▽

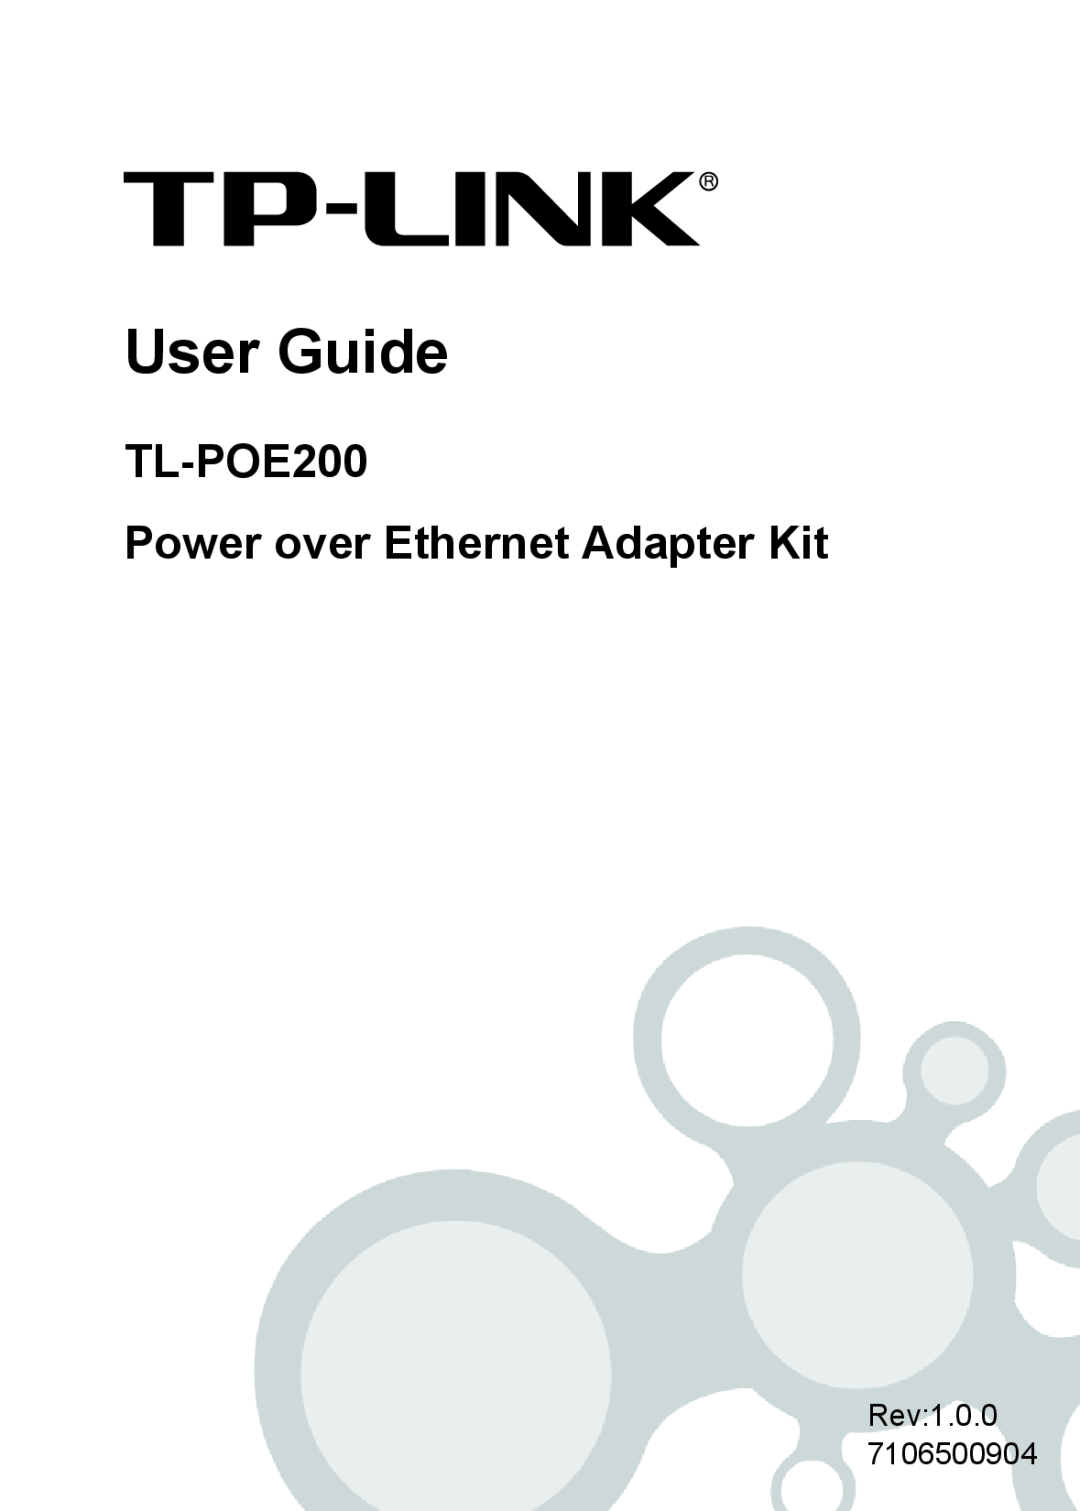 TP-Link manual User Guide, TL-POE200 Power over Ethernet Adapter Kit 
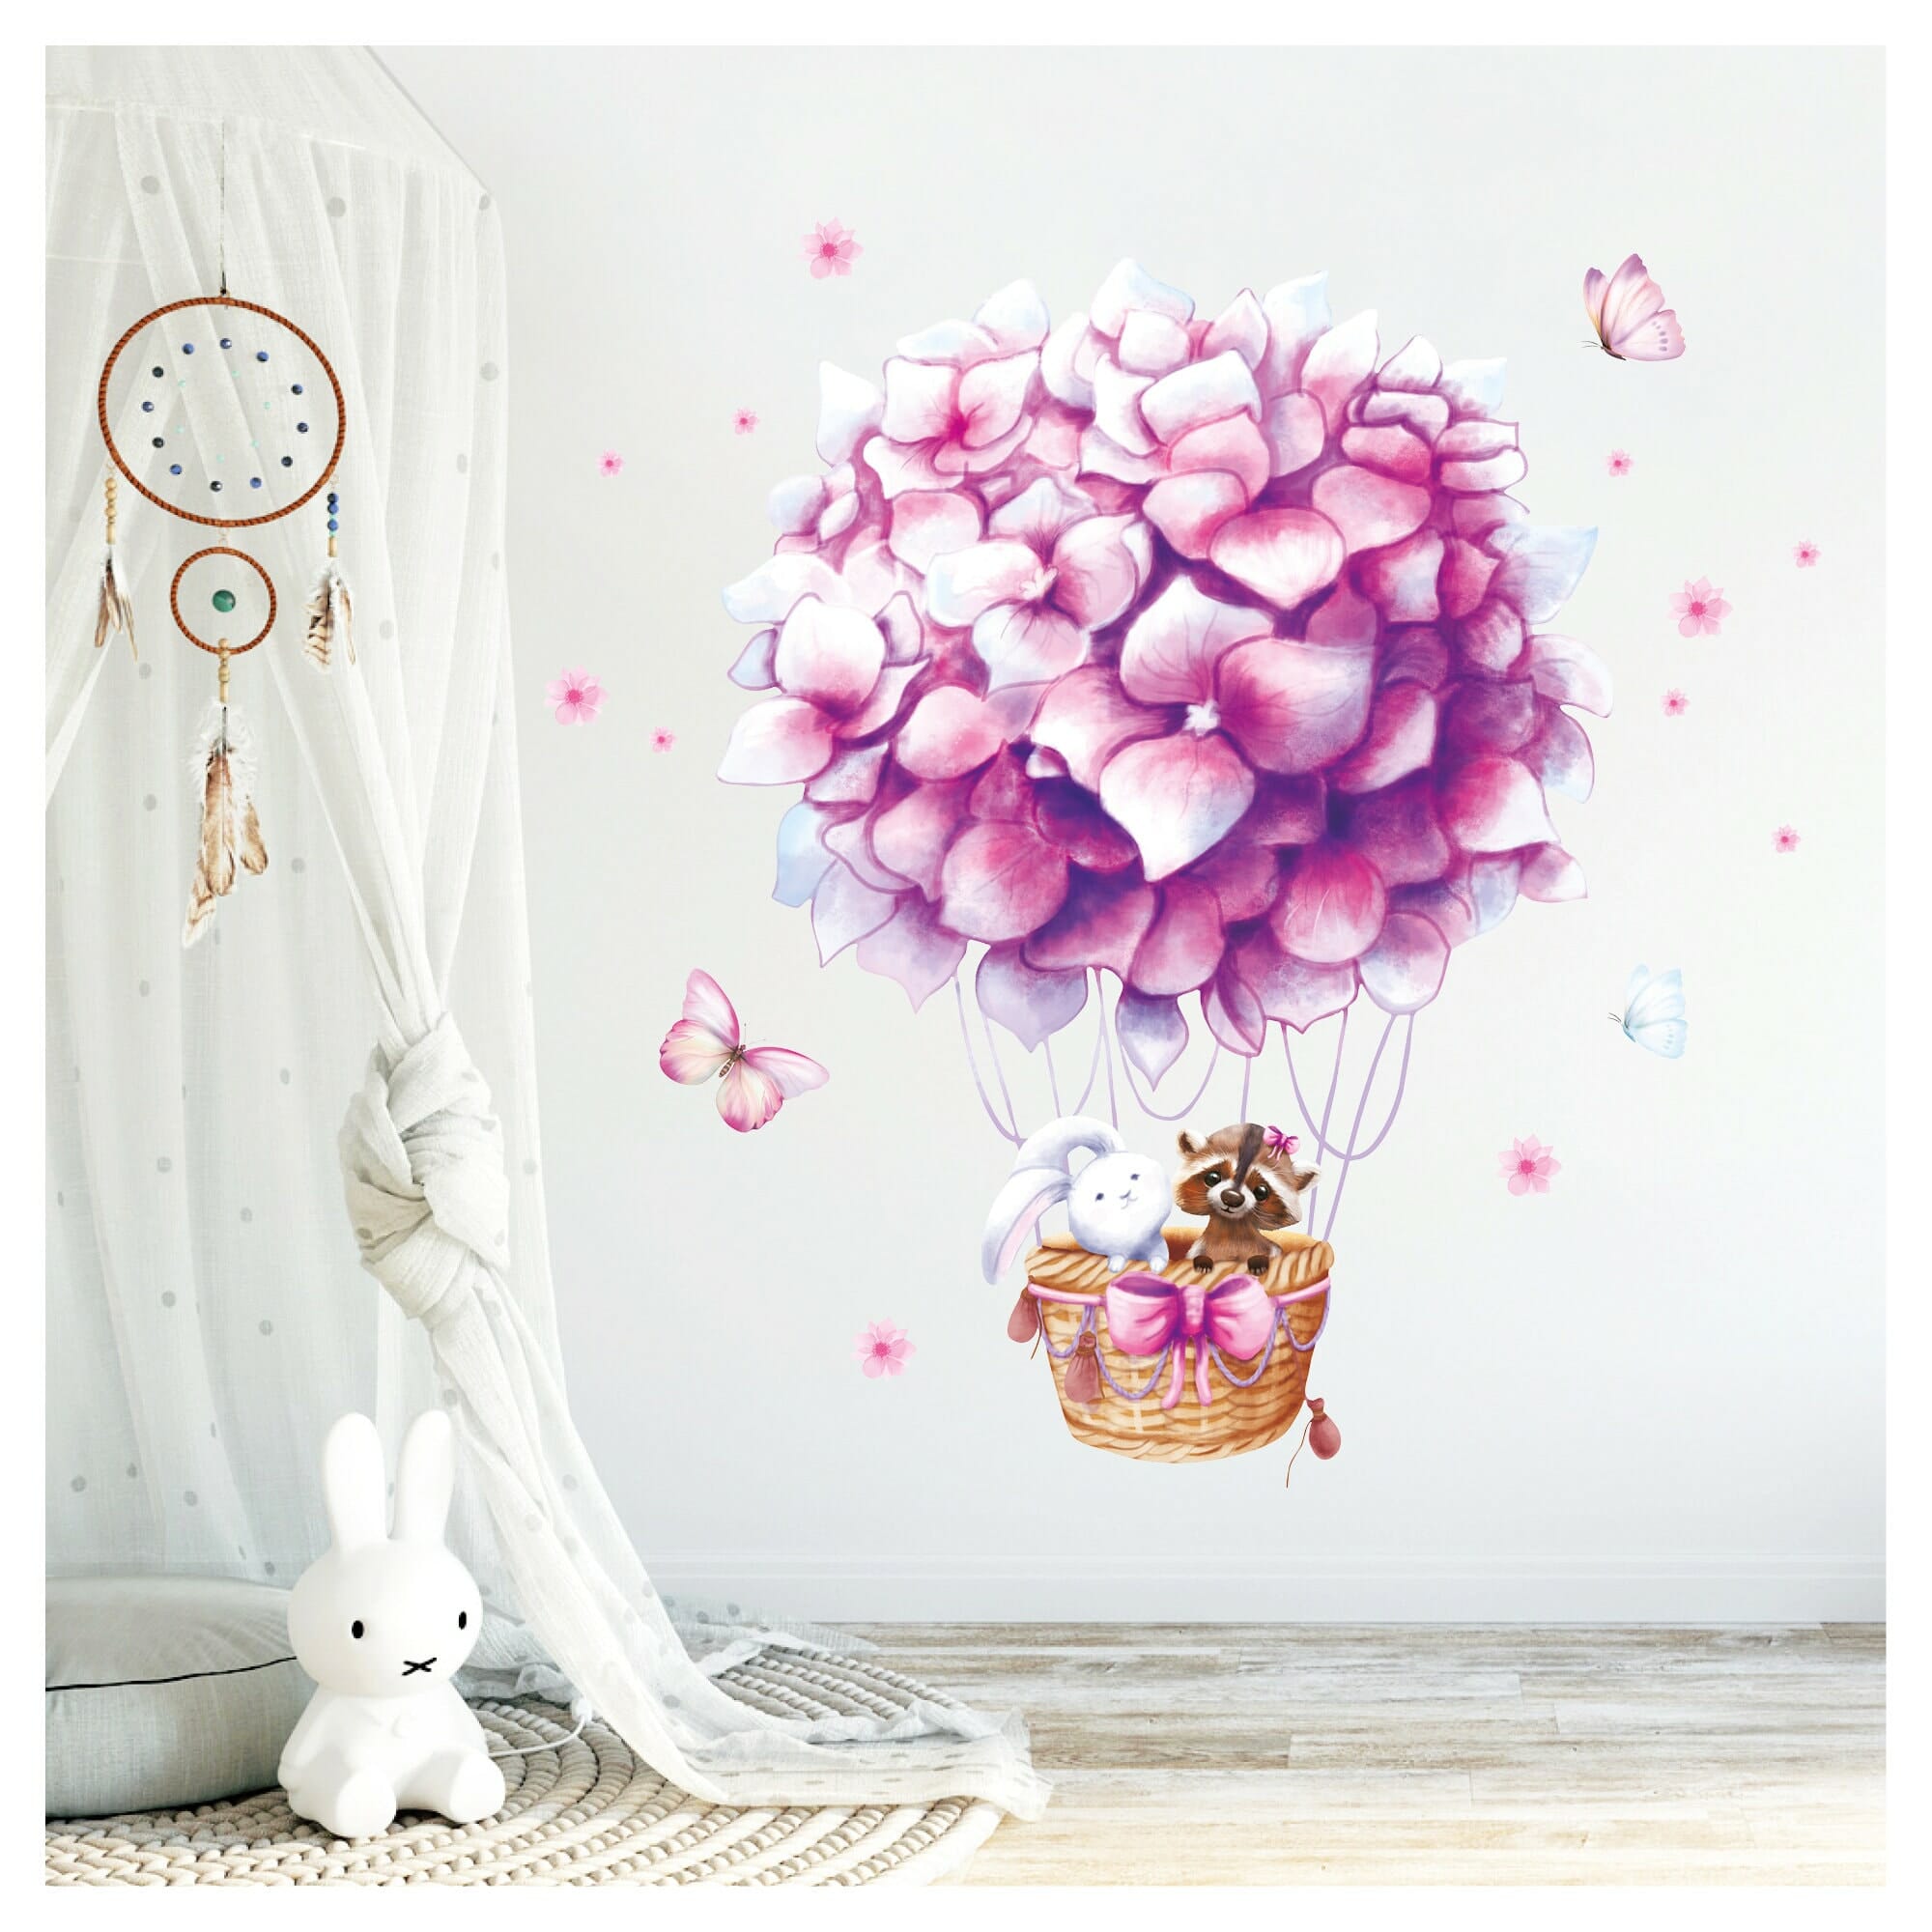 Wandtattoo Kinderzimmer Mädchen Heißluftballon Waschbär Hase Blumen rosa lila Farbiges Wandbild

△
▽

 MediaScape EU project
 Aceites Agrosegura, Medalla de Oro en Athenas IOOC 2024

△

▸ **EXERCISE AIM**
Copy out the lines above from the line containing "TP-Link manual User" through the line containing "Wandtattoo Kinderzimmer Mädchen", exactly, and keep the pictures out.

▸ **THE COMPLETED TASK**
 TP-Link manual User Guide, TL-POE200 Power over Ethernet Adapter Kit 
 Wandtattoo Kinderzimmer Mädchen Heißluftballon Waschbär Hase Blumen rosa lila Farbiges Wandbild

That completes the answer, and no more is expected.